A posição na hierarquia social determina saúde a partir de determinantes intermediários classificados como circunstâncias materiais, psicossociais, fatores comportamentais e biológicos e o sistema de saúde (SOLAR; IRWIN, 2010). Em termos gerais, uma posição socioeconômica inferior reflete contextos de vida piores como alimentação deficiente, acesso a água não tratada, ausência de saneamento básico, baixa interação social, piores hábitos de saúde e inacessibilidade aos serviços de saúde. Esses determinantes em conjunto estabelecem um gradiente social para a saúde na população, ou seja, indivíduos com uma posição socioeconômica inferior apresentam maiores riscos às doenças e sofrem com piores condições de saúde (SANDERS, 2007). Esse gradiente é comum para maioria das doenças, incluindo as doenças bucais, as quais compartilham fatores de risco comum à outras doenças crônicas e, portanto, estão sob influência de determinantes sociais (SABBAH et al., 2007).

Nesse contexto, as iniquidades em saúde consistem nas iniquidades socioeconômicas, reconhecidas como um grave problema entre e dentro de países de alta, média e baixa renda (MARMOT; BELL, 2011). A magnitude dessas iniquidades ao redor do mundo não é justificável por razões biológicas. Indivíduos são vulneráveis às doenças e apresentam piores

condições de saúde por motivos sociais, políticos e econômicos e, portanto, essas desigualdades são desnecessárias, injustas e evitáveis (MOSSEY; PETERSEN, 2014; SHEIHAM et al., 2011). A natureza injusta das iniquidades socioeconômicas afeta a capacidade de as pessoas tomarem decisões sobre o processo saúde-doença e reforça a limitação de medidas preventivas baseadas apenas no modelo biomédico.

O entendimento sobre os determinantes sociais das iniquidades em saúde, as fontes de estratificação social na sociedade e sua consequente vulnerabilidade a fatores de risco é essencial para o desenvolvimento de políticas públicas efetivas. Medidas preventivas duradouras devem promover a equidade em saúde, ou seja, reduzir o gradiente social na saúde com ações universais, porém, com maior intensidade para aqueles em maior desvantagem social e econômica (MARMOT, 2010; SHEIHAM et al., 2011). Este processo chamado Proporcionalismo Universal preconiza a equidade em saúde através da justiça social, conferindo possiblidade de ser saudável a grupos historicamente em desvantagem social/econômica (BRAVEMAN, 2014).

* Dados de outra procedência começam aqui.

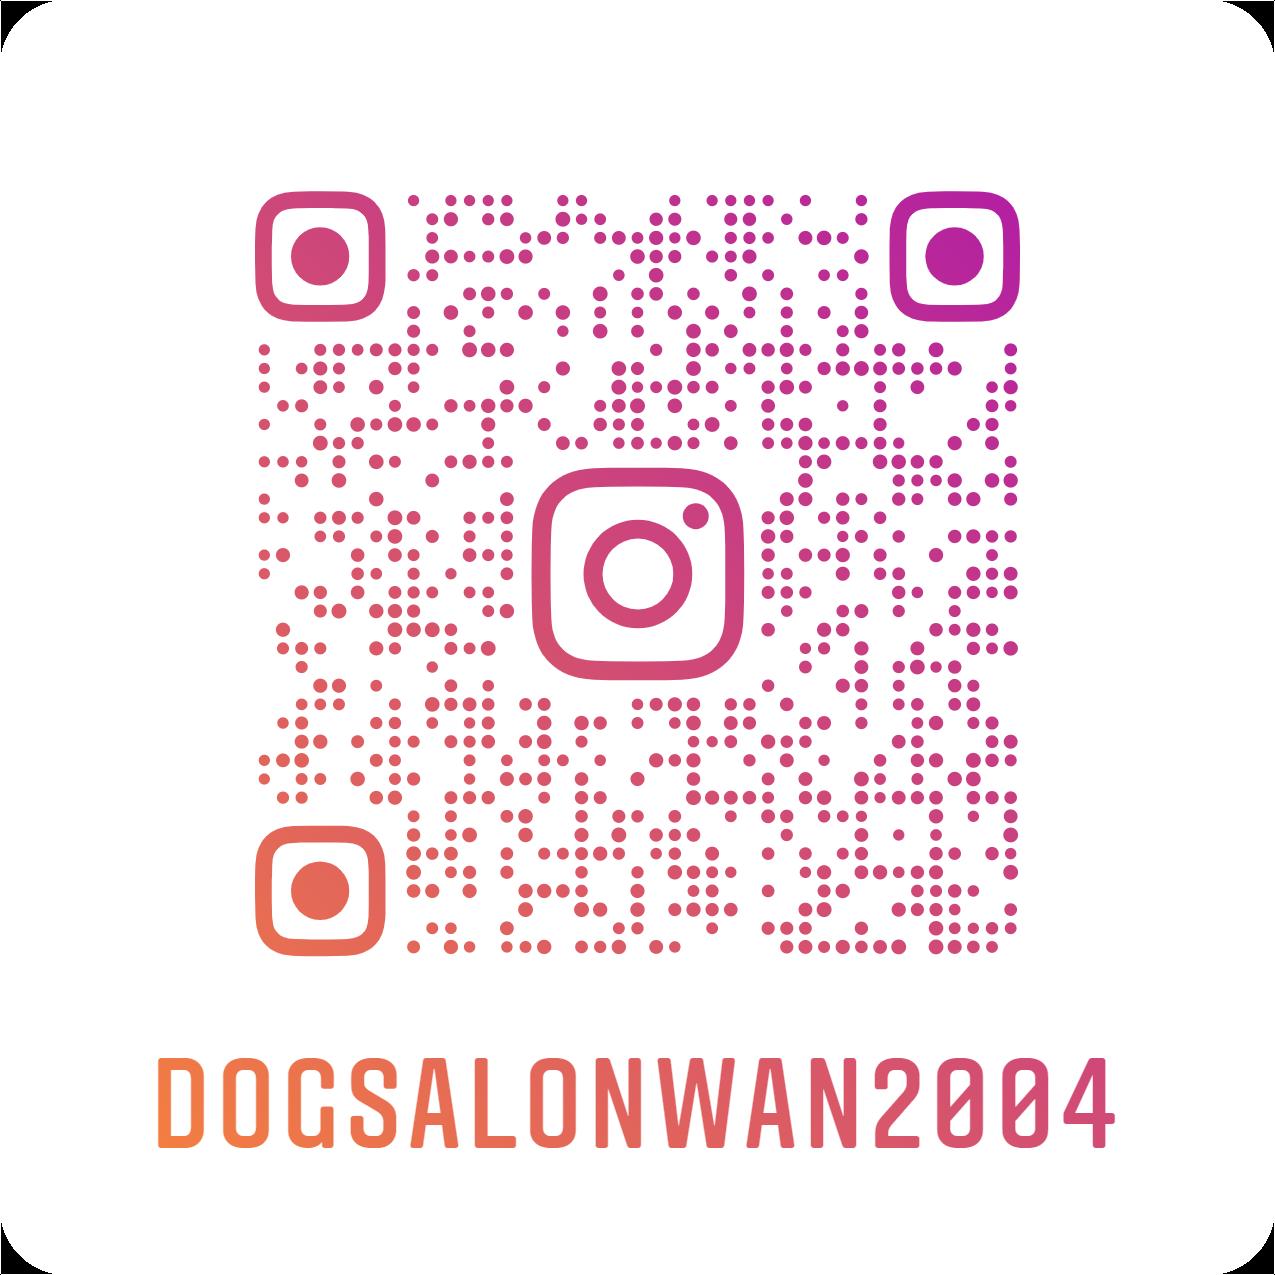 dogsalonwan2004_nametag_20210822155504853.png

A Comissão Sobre os Determinantes Sociais em Saúde (2010) destaca as três principais abordagens para combater as iniquidades socioeconômicas. A primeira é a importância de estratégias contextuais específicas para lidar com determinantes estruturais e intermediários com objetivo de melhorar o contexto social onde as pessoas nascem, crescem, vivem, trabalham e envelhecem. A segunda é a necessidade de ações intersetoriais uma vez que os determinantes sociais são manejados por políticas que transcendem o setor saúde. Ações intersetoriais podem ser estratégias focadas na melhora da equidade em saúde através da educação, atenção a grupos em vulnerabilidade social e políticas intersetoriais orientadas para áreas geográficas que experimentam um contexto de vida marginalizado e frágil. A terceira abordagem é a participação da sociedade e o empoderamento para que os indivíduos se tornem protagonistas ativos de sua saúde. As pessoas têm o direito de participar ativamente da formação social e de políticas de saúde que afetam as suas vidas e, por isso, uma atenção especial deve ser conferida a grupos marginalizados e com falta de poder.

Portanto, a mudança de paradigmas surge da necessidade em lidar com as causas mais distais das doenças e condições de saúde com o intuito de promover a saúde e tornar as sociedades mais igualitárias. Para tanto, é essencial detectar, compreender e propor estratégias para reduzir as iniquidades em saúde. Assim, futuras pesquisas interessadas na redução das iniquidades socioeconômicas devem considerar a interação de fatores sociais, psicológicos, ambientais, econômicos, culturais e políticos, além dos fatores biológicos.